I had a look at DLLR. This is what I found.

DLLR is an index of two dollar-pegged stablecoins. One of them appears to be completely centralized like Tether. The other one is overcollateralized by a single asset. In order to maintain a peg, the protocol takes the USD price of bitcoin through a bunch of people who have qualified to be oracles. Anyone who owns enough of the protocol's governance token can be an oracle. Like single-collateral DAI, the protocol rewards people for putting up bitcoins with a variable interest rate and it can shut down issuance when there isn't enough collateral.

I can't find that many designs for a stablecoin.

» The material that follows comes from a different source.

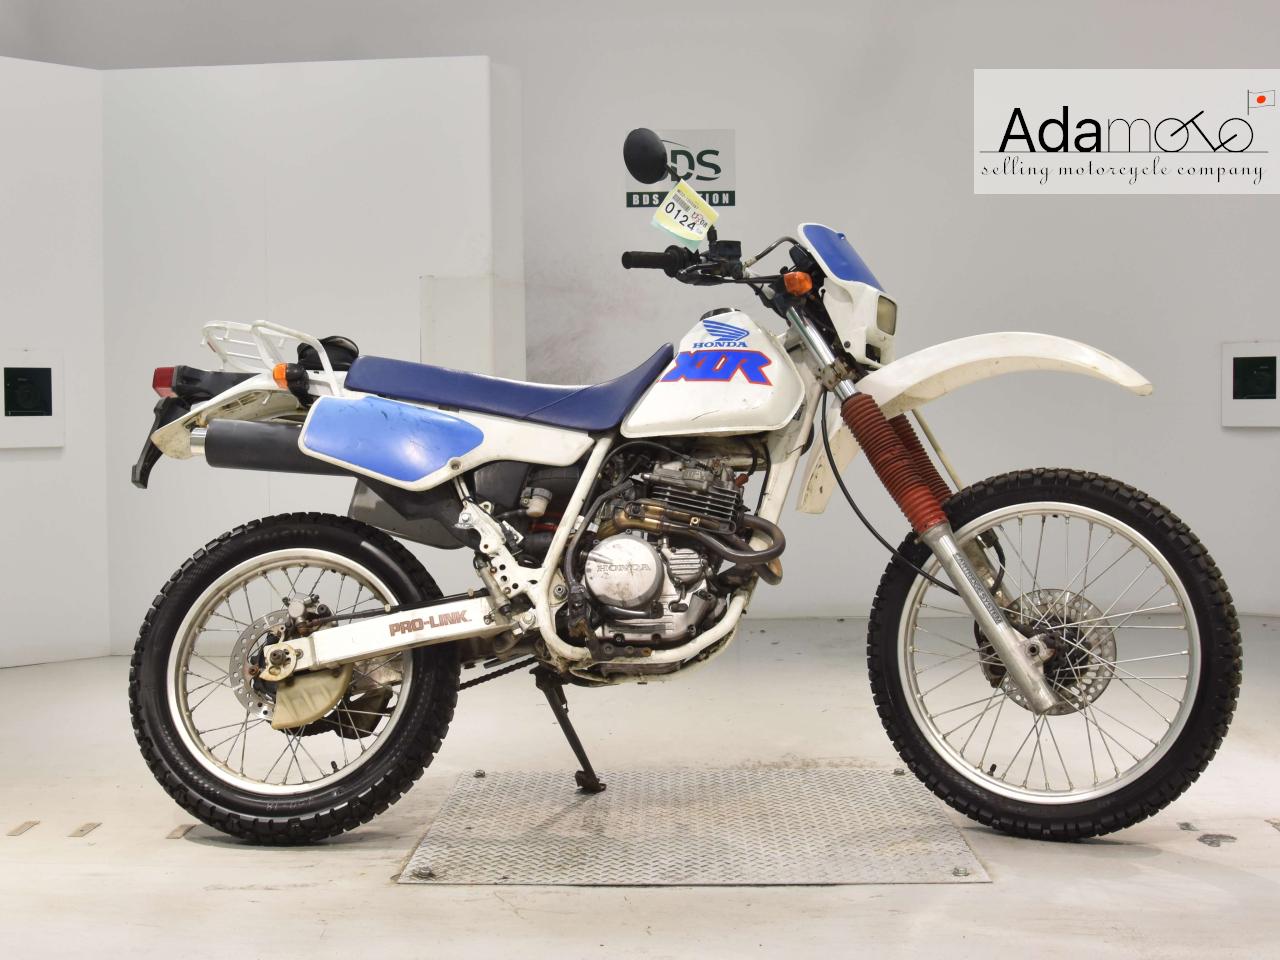 Honda XLR250R 4 - Adamoto - Motorcycles from Japan

They tend to follow the same few design patterns:

a) completely centralized

b) overcollateralized by multiple assets, including other stablecoins that can be centralized

c) overcollateralized by a single asset, the degree to which is determined by an oracle price feed

a is just fancy banking. do you trust companies like tether or circle? b is dumb because it usually collapses or turns into a proxy for a, like how multi-collateral DAI was eventually mostly backed by USDC.

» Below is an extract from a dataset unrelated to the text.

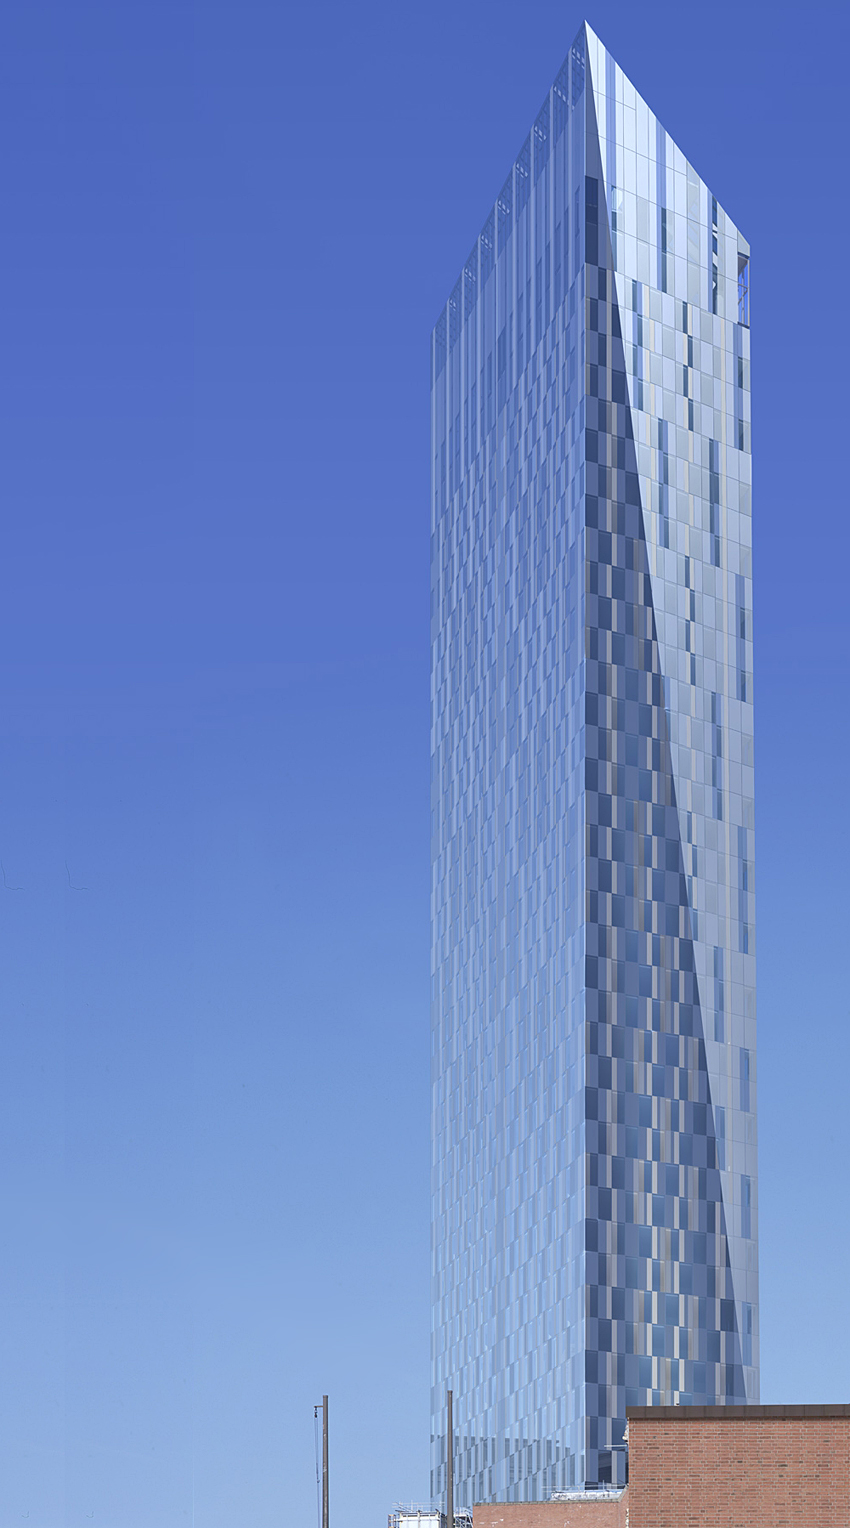 http://www.skyscrapernews.com/images/pics/3178LumiereTower1_pic1.jpg

c is a whole different can of worms. you could have something like a group of people who attest to the USD price of the collateral on centralized exchanges. or you could pull the data straight from a DEX where the collateral is trading against USDT. it doesn't work unless you can either hold oracles accountable or you depend on more centralized stablecoins functioning correctly.

the design of c can be about as trust-minimized as you can get or it can just get silly. but look at the behavior of Sovryn. they deliberately indexed DLLR against a completely centralized stablecoin plus an oracle style stablecoin. it's hard to figure out what they were really thinking here.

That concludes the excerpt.